Configuring IBM JDBC Hive driver to connect to the Hive server

You can use the IBM DataDirect JDBC driver to connect to the Hive server.

  • To connect to the data source using the JDBC driver, a JDBC connection URL is required. For the IBM JDBC Hive driver, the connection URL will start with jdbc:ibm:hive, which is followed by the rest of the configuration parameters that are specific to the driver. Based on the authentication used, the configuration parameters of the driver will change. For more details on the driver configuration parameters, refer to Progress DataDirect JDBC Driver for Hive.

To connect to an Hive server, the hive server host and port number is required. In addition to this, the authentication method needs to be provided based on the authentication configured on the hive server.

The driver supports two authentication methods:
  1. User authentication
  2. Kerberos authentication
Note:

This is controlled by the driver connection option AuthenticationMethod. If the value of this property is set to userIdPassword, then the user authentication is used and if it is set to Kerberos, the Kerberos authentication is used. Which authentication method to be used is primarily governed by the authentication configured on the Hive Server. The default value for this connection option is userIdPassword.

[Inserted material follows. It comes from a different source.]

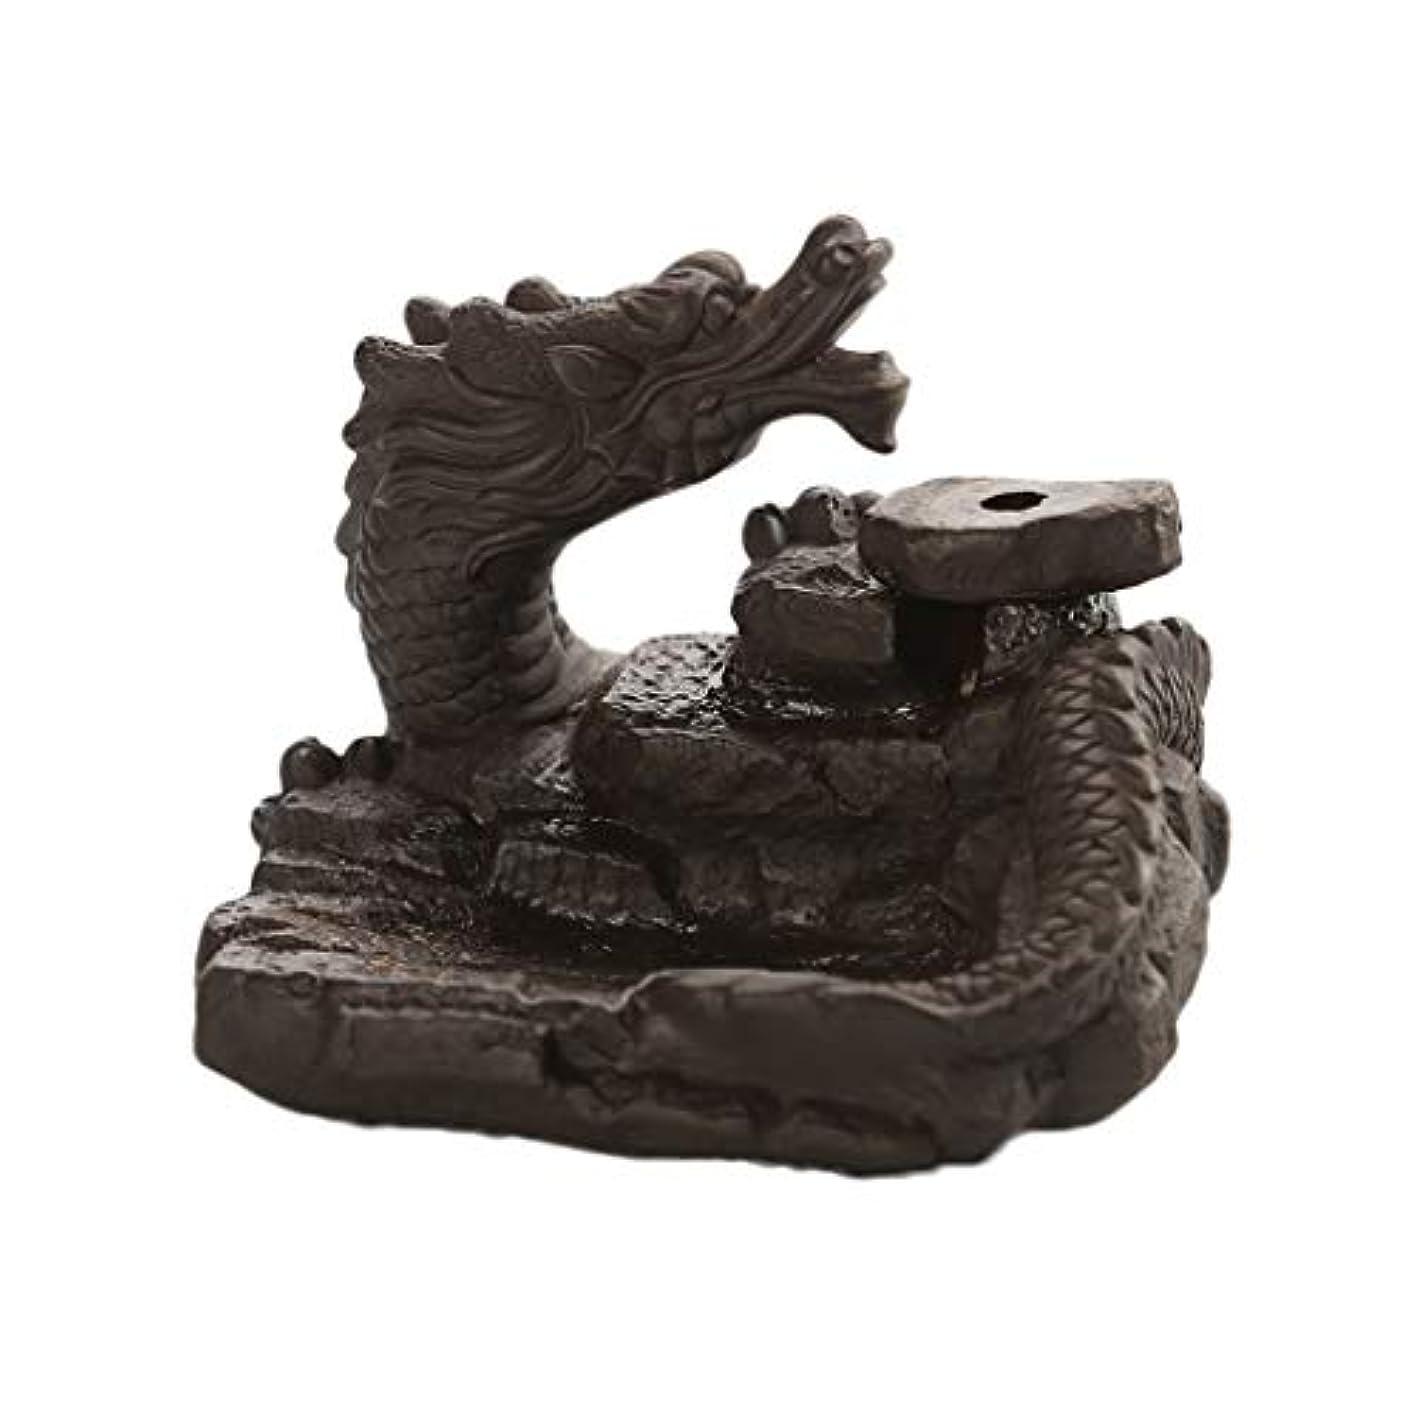 札入れタイトルしっとり家の装飾ドラゴン逆流還流香バーナーセラミックスティックホルダーコーンセンサー茶室飾り香炉 (Color : Black, サイズ : 3.46*3.14*2.36 inches)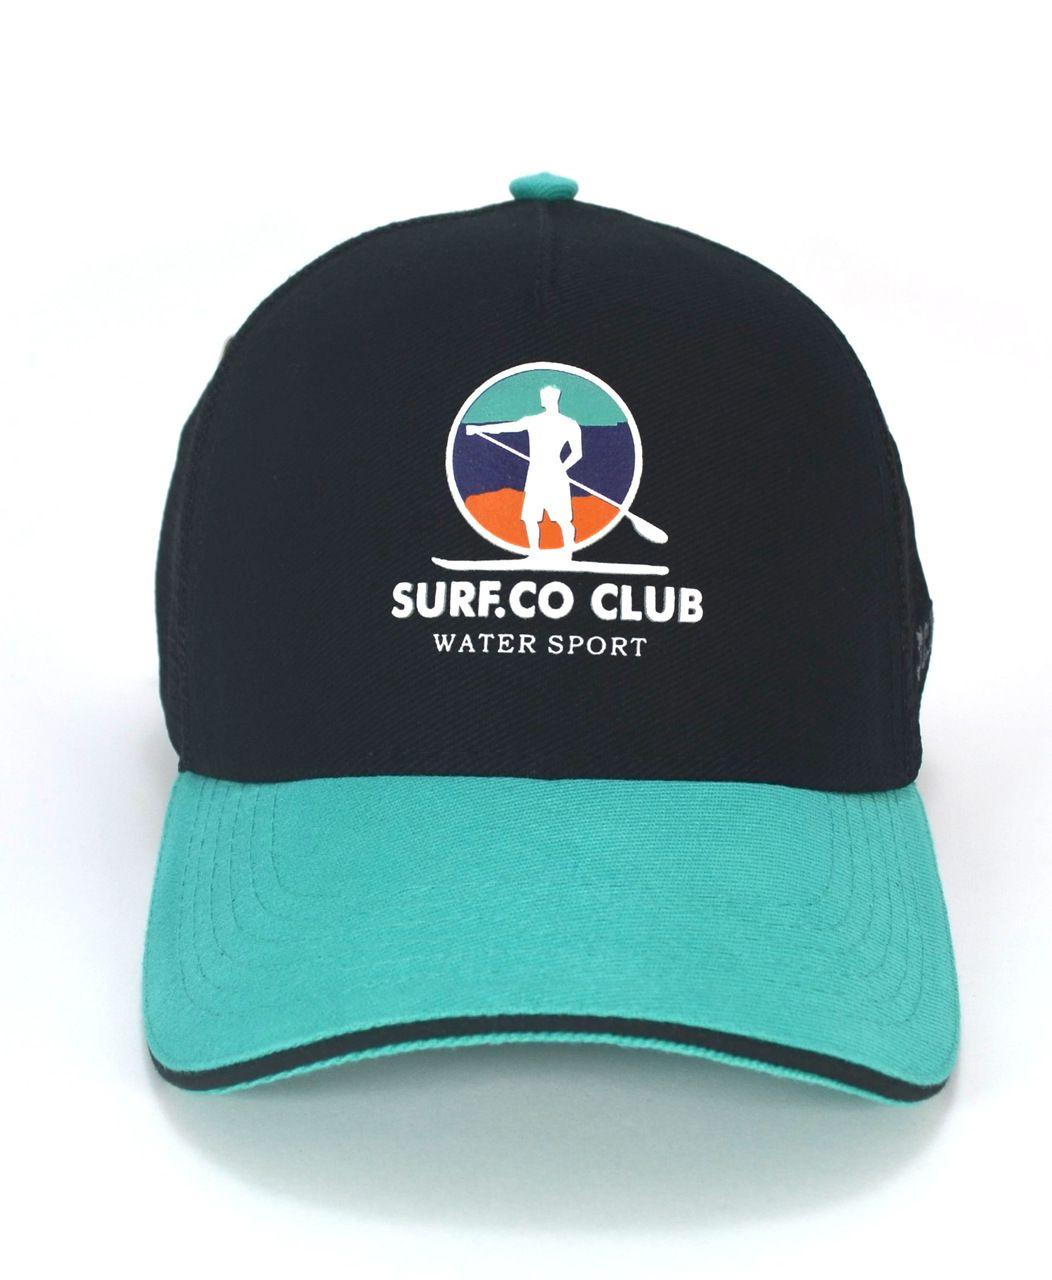 Boné Surf Preto e Turquesa Aba Curva MINI Trucker Masculino Feminino - Club Made

Here is a Sample connection URL when User authentication is used : jdbc:ibm:hive://<hive_server_host>:<hive_server_thrift_port>;<DatabaseName=value>

When Kerberos configuration is used, there are additional configuration steps that needs to be performed to be able to authenticate using Kerberos. The JDBC Driver needs an additional JAAS configuration file (JDBCDriverLogin.conf) which should be placed at the same location where the driver file is copied. By default, the driver would be installed under $ISHOME/ASBNode/lib/java and hence the JDBCDriverLogin.conf should be placed in the same location.

The JAAS configuration file (JDBCDriverLogin.conf) can contain multiple stanzas. When multiple stanzas are defined in the file, the connection parameter loginConfigName should be used to define the stanza to be used. The stanzas can be defined to either use the user cache file or the user keytab file. The entries in the stanza would change based on whether the keytab is used or cache file is being used. The parameters in the file are relevant to the IBM JDK. You may refer to the JAAS configuration link for IBM JDK for additional details on writing the JAAS Configuration.

JDBCDriverLogin.conf with a single stanza
JDBC_DRIVER_01 {
com.ibm.security.auth.module.Krb5LoginModule required
credsType=both
principal="dsadm@IBM.COM"
useKeytab="/home/dsadm/dsadm.keytab";
};
Note: principal here could be any kerberos user who has access to Hive. dsadm user is used an example here.

Here is a Sample connection URL when Kerberos authentication is being used and JDBCDriverLogin.conf has a single entry jdbc:ibm:hive://<hive_server_host>:<hive_server_thrift_port>;<DatabaseName=value>;AuthenticationMethod=kerberos;ServicePrincipalName=<hive_service_principal>

JDBCDriverLogin.conf with multiple stanzas
JDBC_DRIVER_dsadm_keytab {
com.ibm.security.auth.module.Krb5LoginModule required
credsType=both
principal="dsadm@IBM.COM"
useKeytab="/home/dsadm/dsadm.keytab";
};
JDBC_DRIVER_dsadm_cache{
com.ibm.security.auth.module.Krb5LoginModule required
credsType=initiator
principal="dsadm@IBM.COM"
useCcache="FILE:/home/dsadm/krb5cc_dsadm";
};

Here is a Sample connection URL when Kerberos authentication is being used and JDBCDriverLogin.conf has multiple entries. jdbc:ibm:hive://<hive_server_host>:<hive_server_thrift_port>;<DatabaseName=value>;AuthenticationMethod=kerberos;ServicePrincipalName=<hive_service_principal>;loginConfigName= JDBC_DRIVER_dsadm_keytab

Note:
  1. The configuration information provided above is for the IBM JDBC Hive Driver (that is, IBM branded Progress DataDirect JDBC Driver for Hive). You may refer to the respective driver documentation for configuration information if a different drive for Hive is being used.
  2. For additional connection options on the Progress DataDirect JDBC Driver for Hive, refer to Progress DataDirect JDBC Driver for Hive.